LONDON (Reuters) - PureTech subsidiary Gelesis is moving closer to filing for regulatory approval of its obesity treatment Gelesis100 after results of its latest study, it said on Monday.
Gelesis100 achieved meaningful weight loss of 5 percent or more in 58 percent of adults in the study, meeting one of two clinical targets, with almost twice as many adults losing 10 percent or more of their body weight compared with those taking a placebo.
It noted, however, that the study did not meet the other target of a 3 percent average difference from the placebo.
“Given the demonstrated weight loss and safety profile, Gelesis plans to discuss filing with regulatory authorities and, if they are supportive, plans to file for approval,” it said.
Gelesis100 is a capsule that contains small hydrogel particles that hydrate to almost 100 times their original size in the stomach.
The particles are made from two naturally derived ingredients and mix homogeneously with food in the body to reduce hunger, leading to weight loss.

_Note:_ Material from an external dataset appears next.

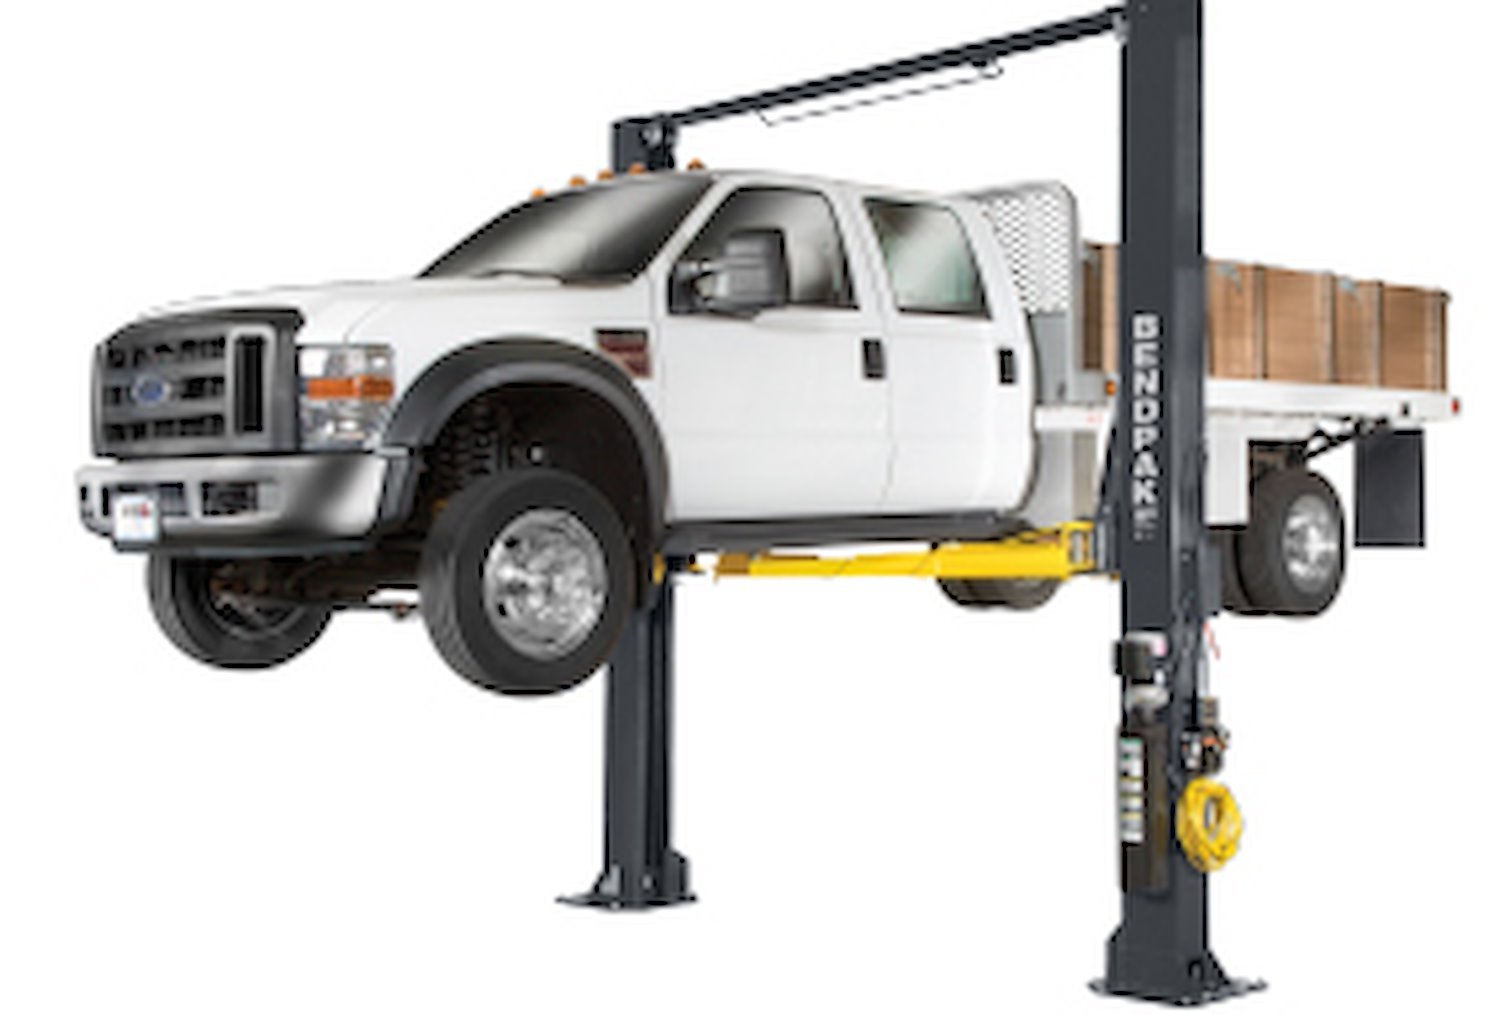 XPR-12CL-192 Two-Post Lift, 12,000-lb. Capacity

Once in the large intestine, the particles release most of the water, which is reabsorbed.
Analysts at broker Liberum said this is not the perfect result for PureTech, given one of the two primaries was missed.
“However, the proportion of patients losing 5 percent of body weight was almost twice the target, and the safety profile looks so clean from the top-line data that this would appear to deliver meaningful risk/benefit,” they said.